How can I replace non-breaking hyphens?

dragan.marinovic.9 · July 2, 2014, 3:29pm

This is the link:
http://www.authorama.com/we-the-media-3.html

These are the paragraphs:

Journalists can use SMS in any number of ways; again, this is much more common outside the U.S. The first inkling among journalists of China’s SARS epidemic came in an SMS from sources inside the medical profession there. Was this significantly different than simple phone calls in its fundamental nature? Not really. But in a place where being overheard can lead to big trouble, it’s much safer—as long as one’s messages aren’t being intercepted—to simply send a quick SMS.

Over time, perhaps the most important value of SMS will be of the kind described by Howard Rheingold in his prescient book Smart Mobs:52 a self-organizing information system in which individuals and small groups tell each other important news. Rheingold relates, among other examples, how citizens in the Philippines used SMS to organize and overthrow a corrupt government.53 On a more prosaic level, young people in countries with advanced wireless communications have used SMS for social organization. We’re just at the beginning of this tech-nology’s development. As networks and handsets improve, SMS will give way to video messaging, with yet to be understood implications.

Question

I’ve managed to replace Non-breaking space with:
[:space:]
[:space:]+
and
Hyphen / Non-breaking Hyphen with:
[:hyphen:]
[:hyphen:]+

BUT, if you faste those two paragraphs in Writer you’ll find two word: “significantly” and “countries” with non-breaking hyphen which is if you compare it to “normal” non-breaking hyphen “a little more indented”. I’ve tried to paste Unofrmatted text but I get “a little more indented” non-breaking hyphen again.

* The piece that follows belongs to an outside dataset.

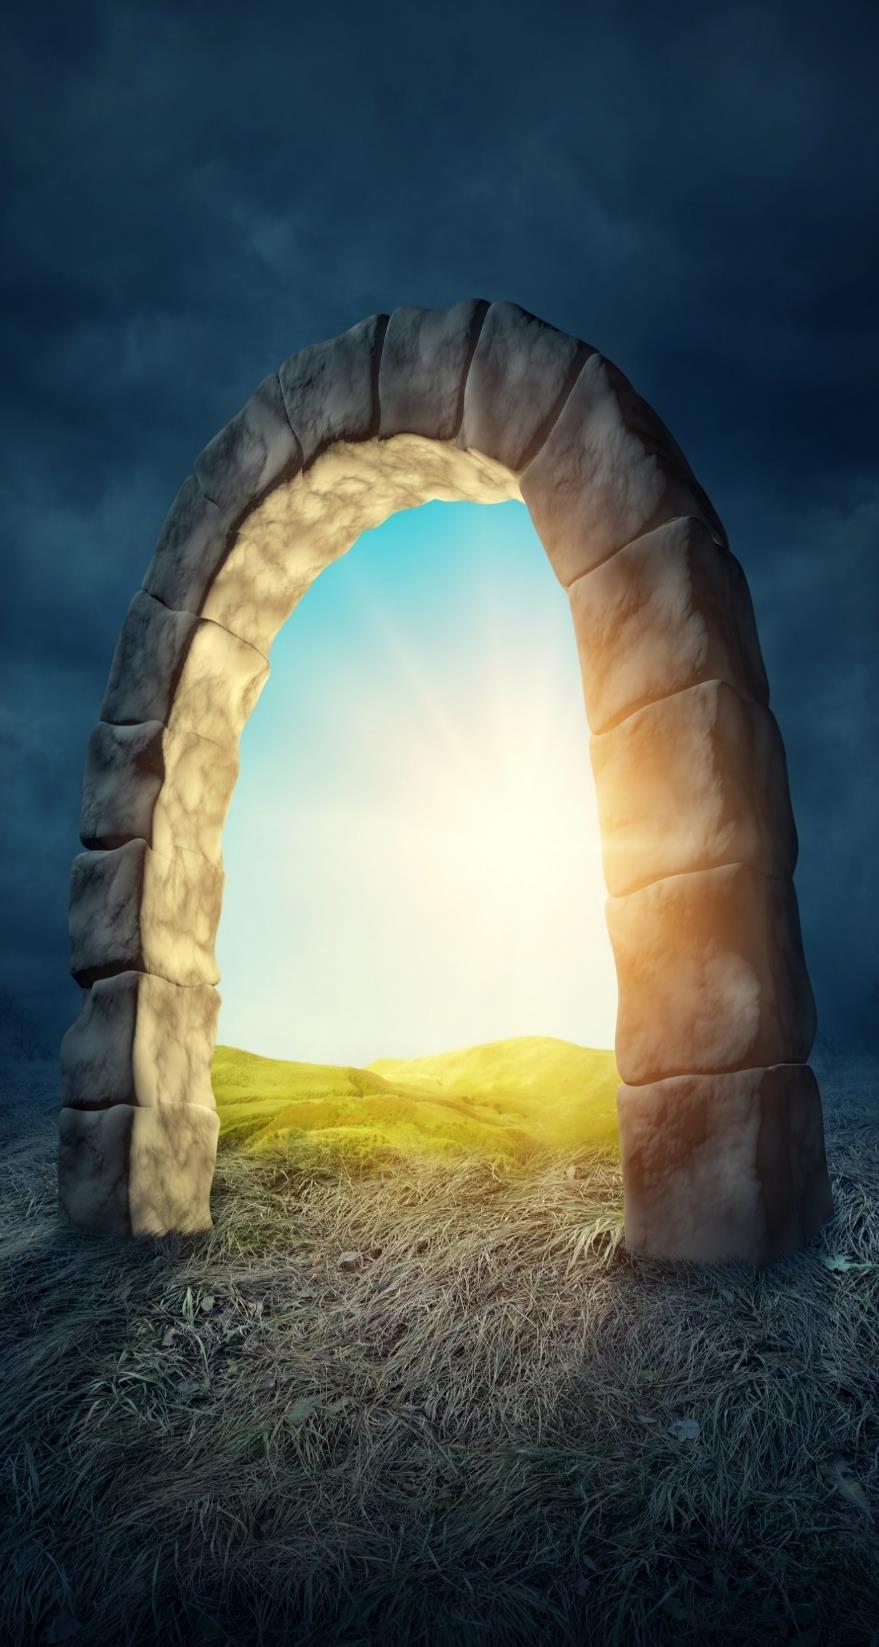 John did not see stairs, he saw an open door. He knows it is a door to the heavenly realm. He hears the voice which he compares to a trumpet, perhaps a shofar.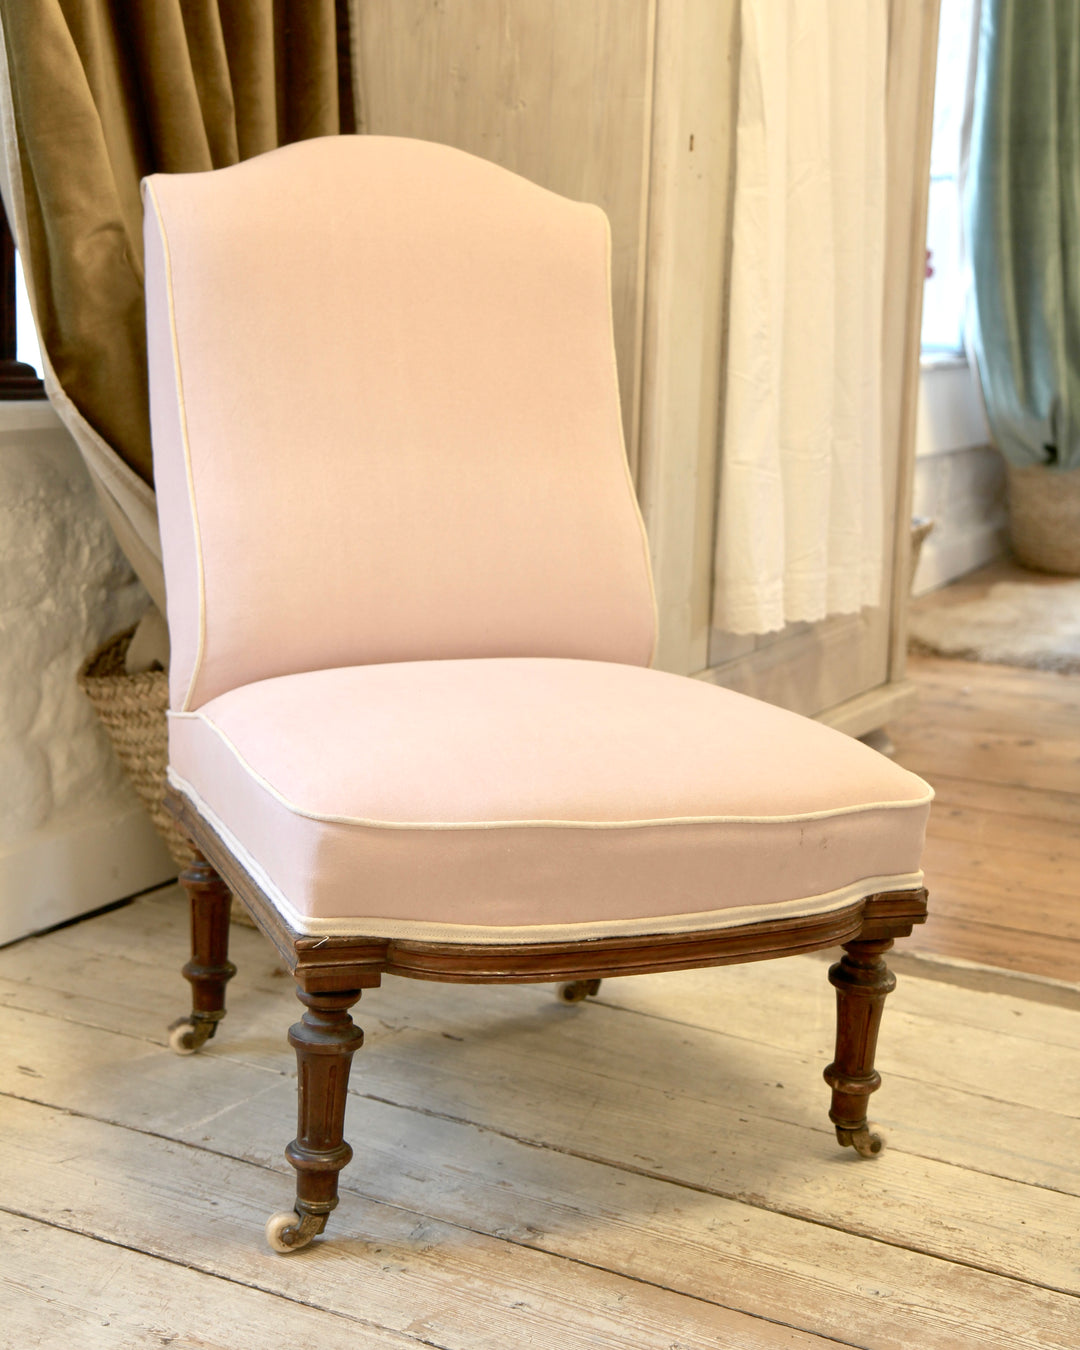 vintage nursing chair upholstered in pink fabric

And I haven’t managed to replace it and I searched all web.

Any soulution to replace it or “not getting it” at all?

Regina · July 2, 2014, 7:53pm

It is not a “non-breaking” hyphen but an “optional” hyphen. It is called “SOFT HYPHEN” or “SHY” too. It has code point U+00AD.

oweng · July 3, 2014, 4:05am

@Regina, how are these characters found? Using \xNNNN for the code-point has never worked as far as I can tell. Seems to be a broken aspect of the ICU regex engine.

Regina · July 3, 2014, 7:42am

Do not use regular expressions, but use the character literally. Right click the input field to get its context menu, click on item “Special character”. Select the character from the table. It is between ¬ and ®.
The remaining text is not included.